:: Data below
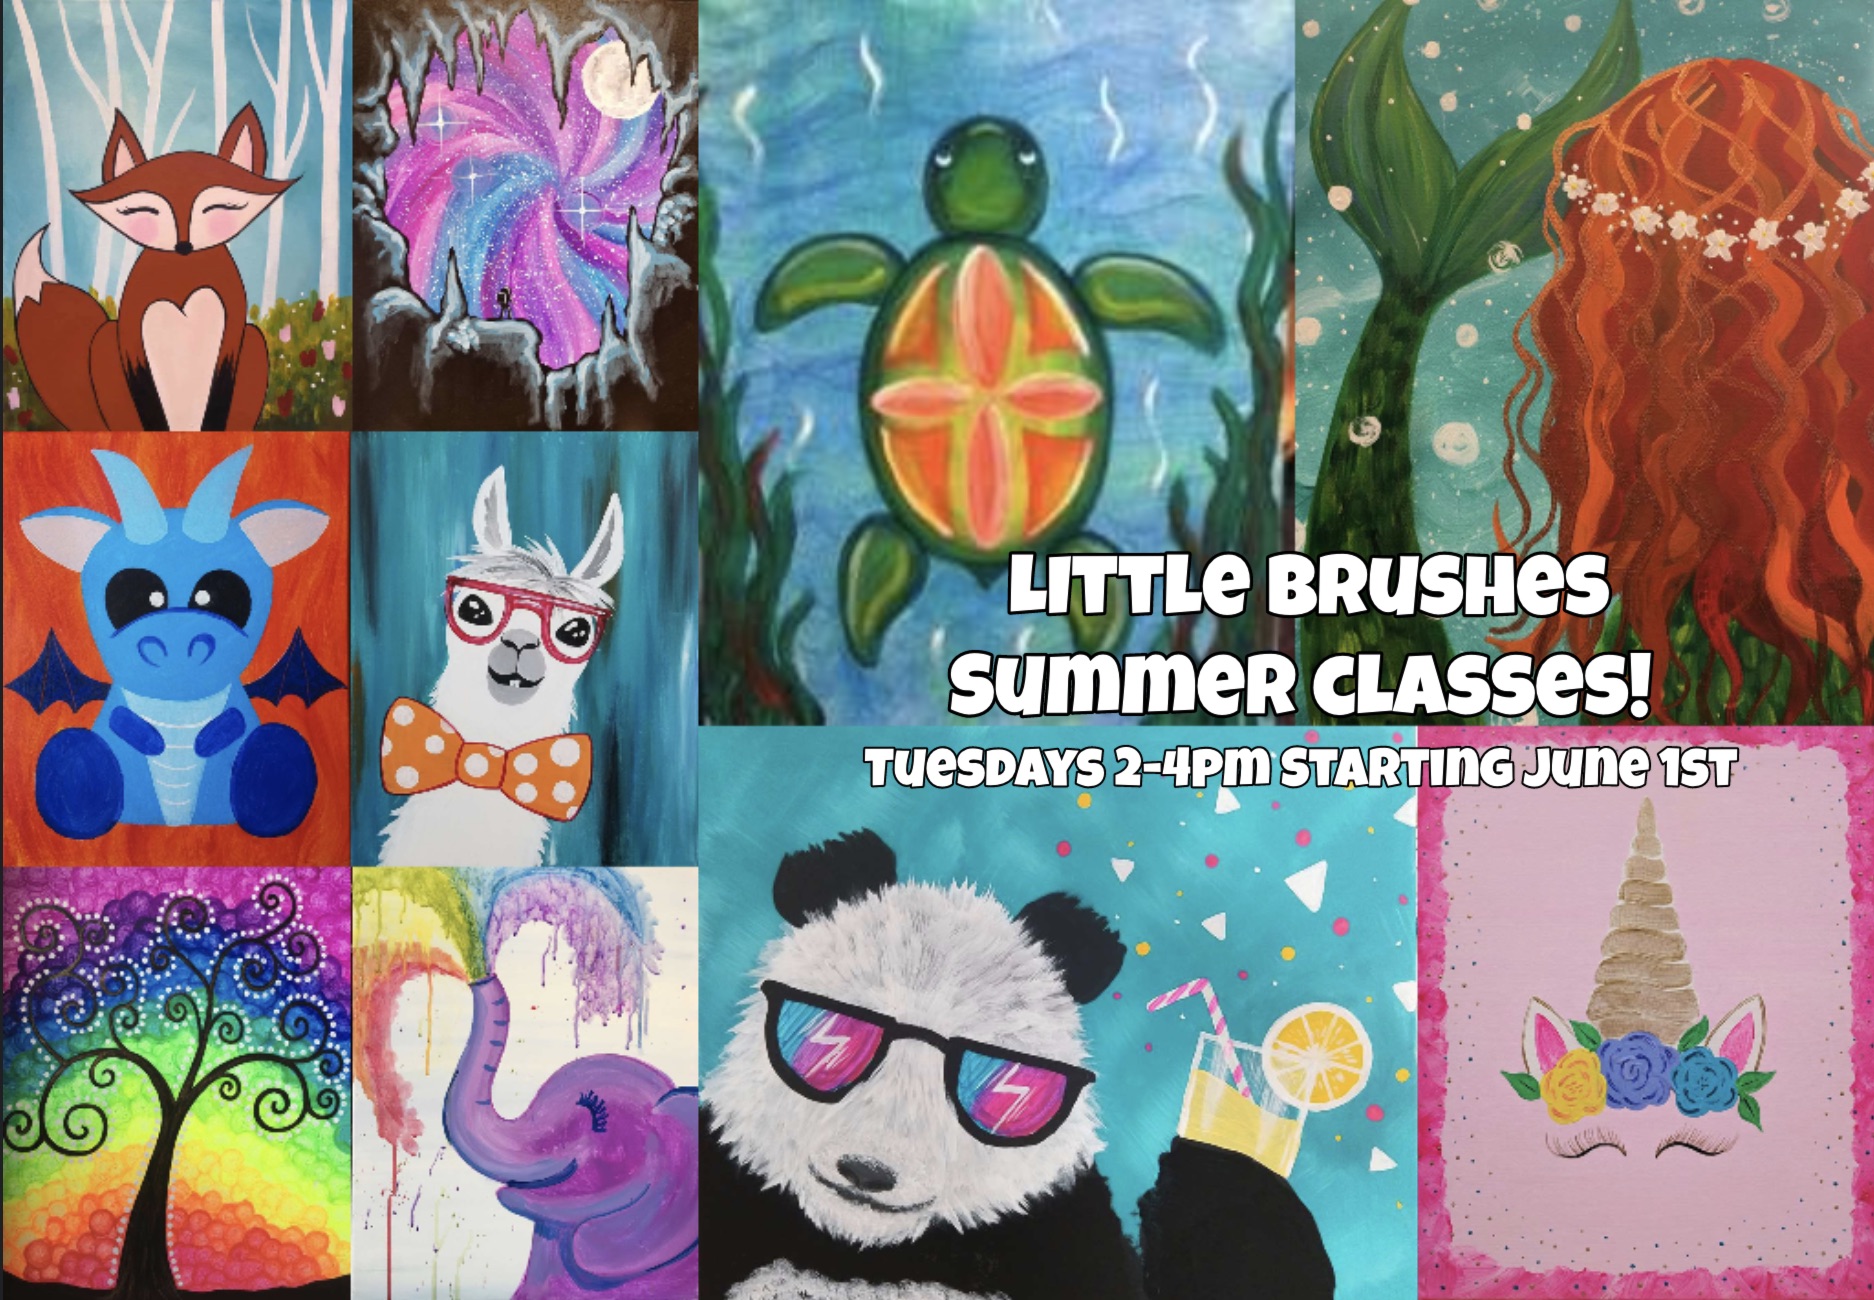 Summertime Little Brushes Classes: Every Tuesday!
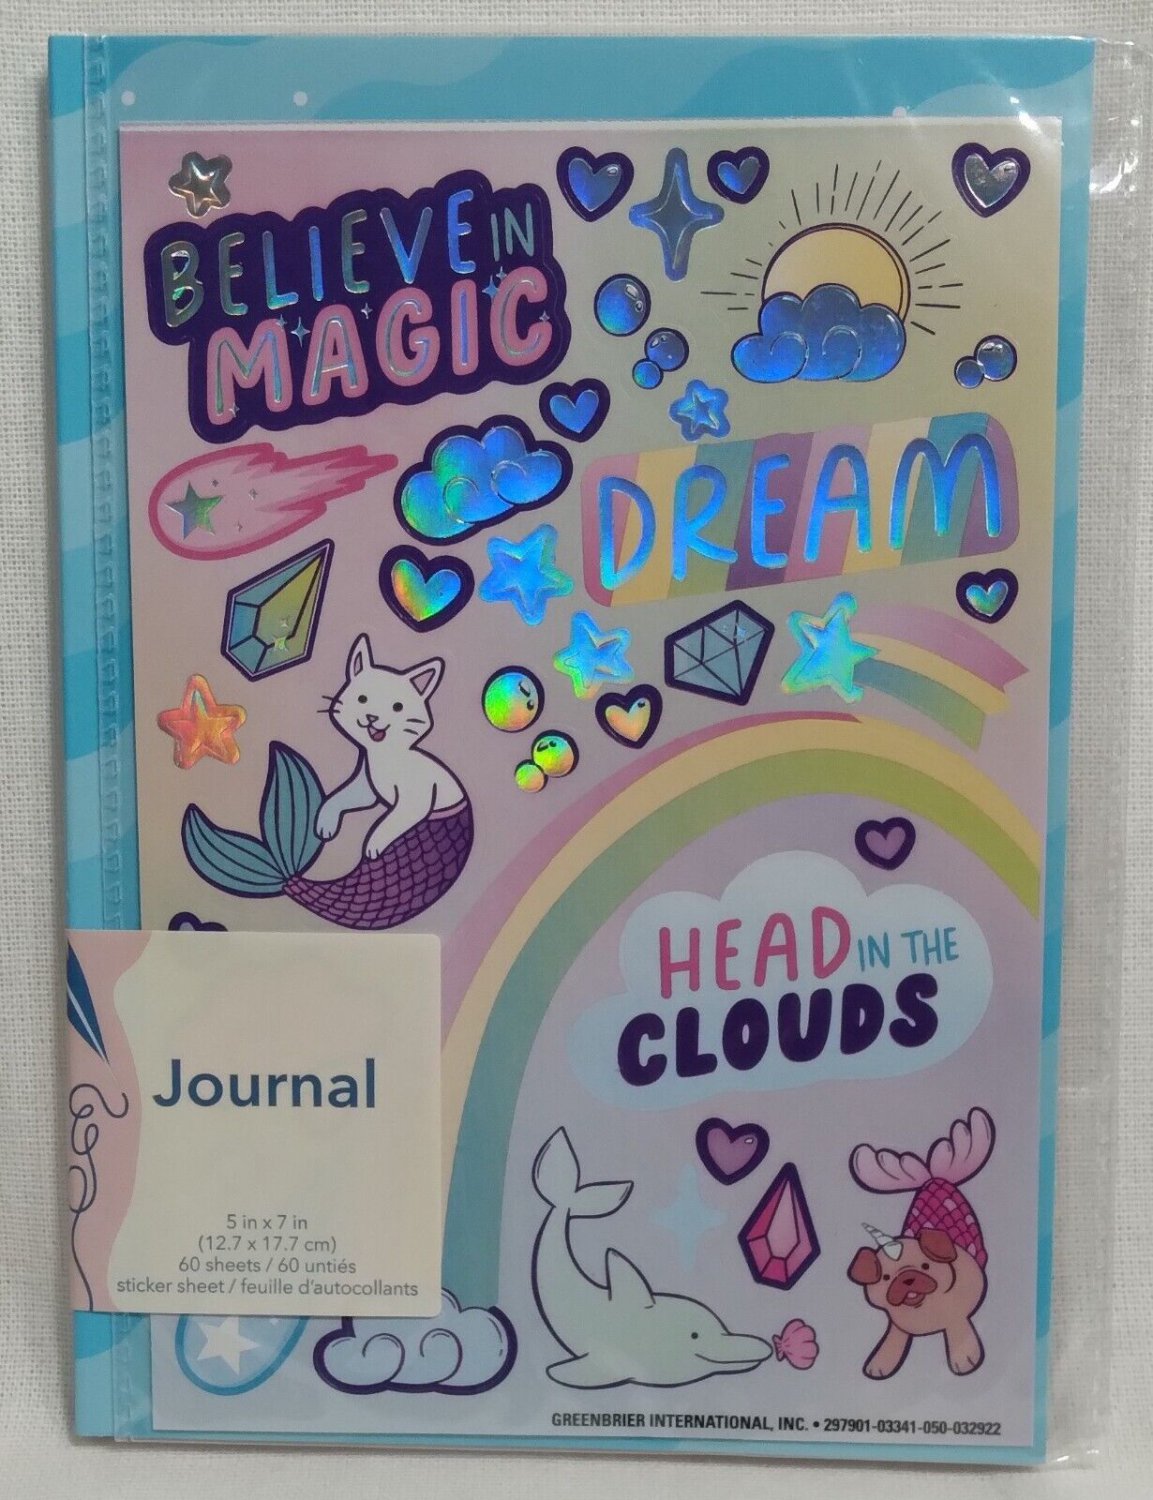 Blue Journal Notebook Notepad Believe in Magic Stickers 60 Sheets Wide Ruled 5x7
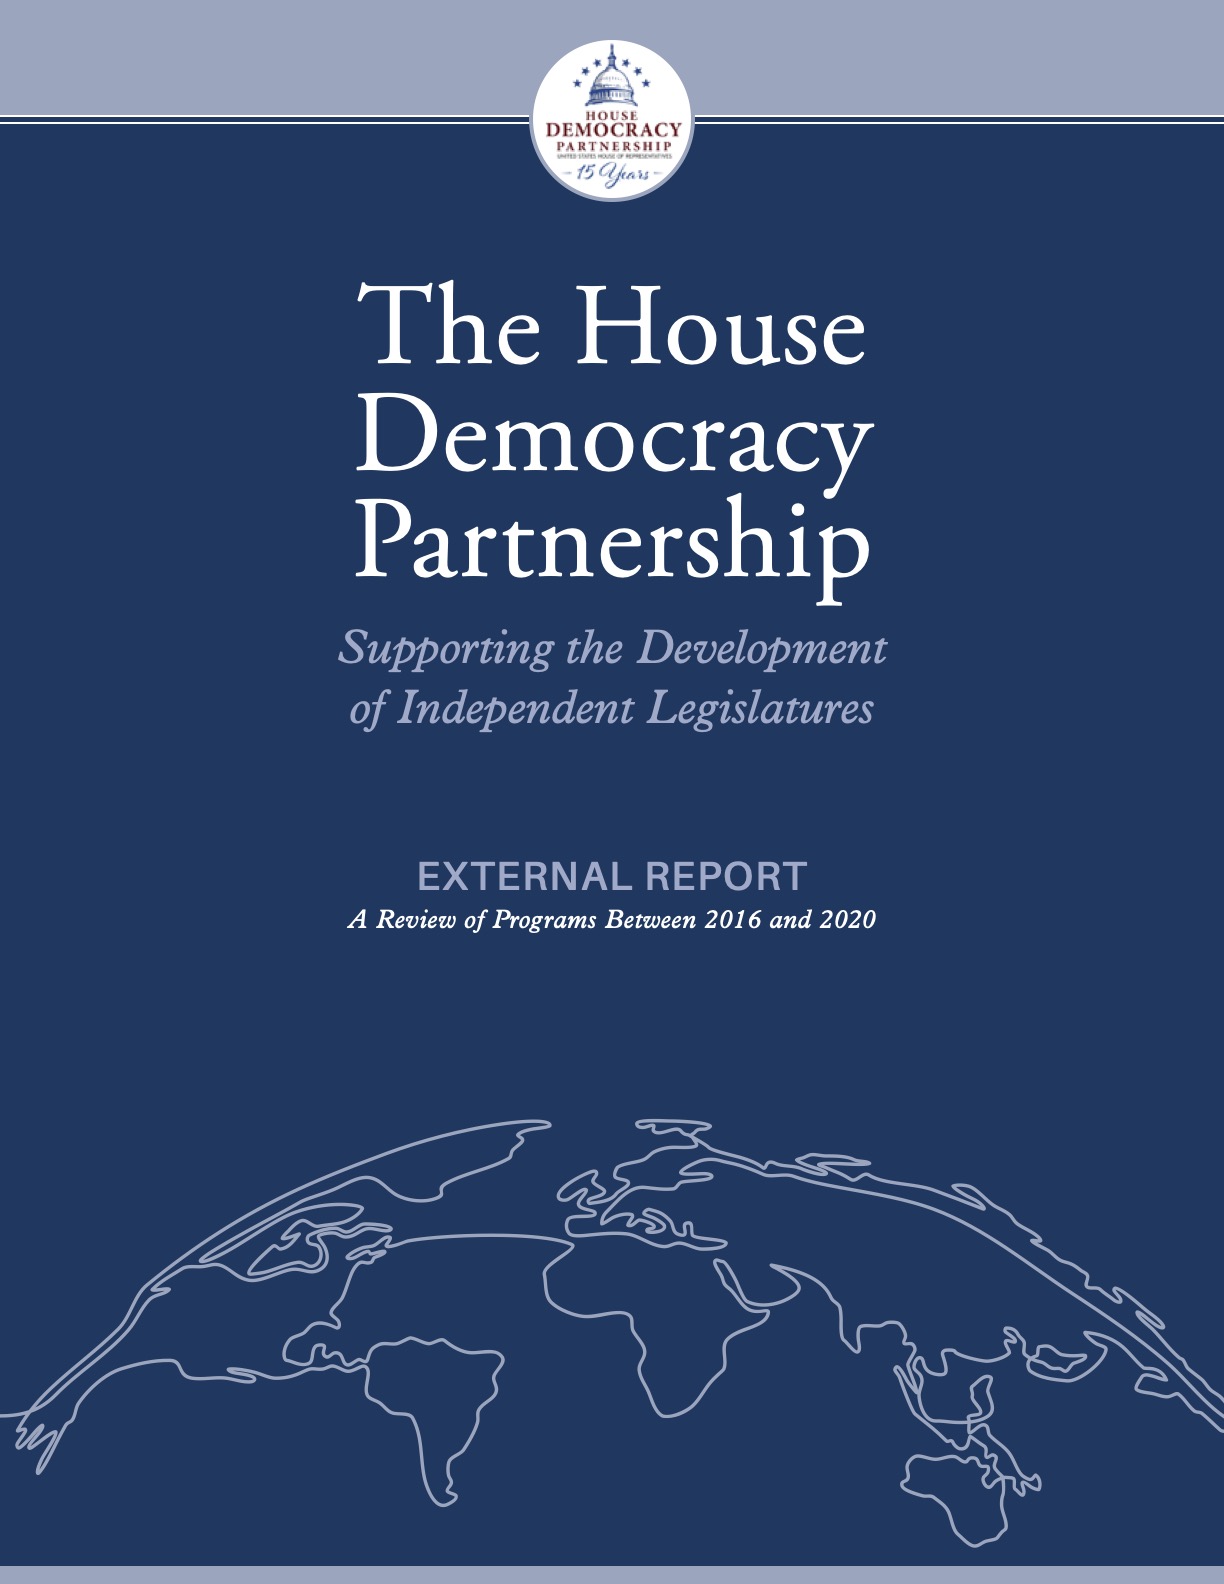 Cover page for the House Democracy Project External Report on Supporting the Development of Independent Legislatures
::::
Instructions for the task
Could you transcribe all of the data exactly, keeping every picture out of the copy?

Problem solution
 Summertime Little Brushes Classes: Every Tuesday!
 Blue Journal Notebook Notepad Believe in Magic Stickers 60 Sheets Wide Ruled 5x7
 Cover page for the House Democracy Project External Report on Supporting the Development of Independent Legislatures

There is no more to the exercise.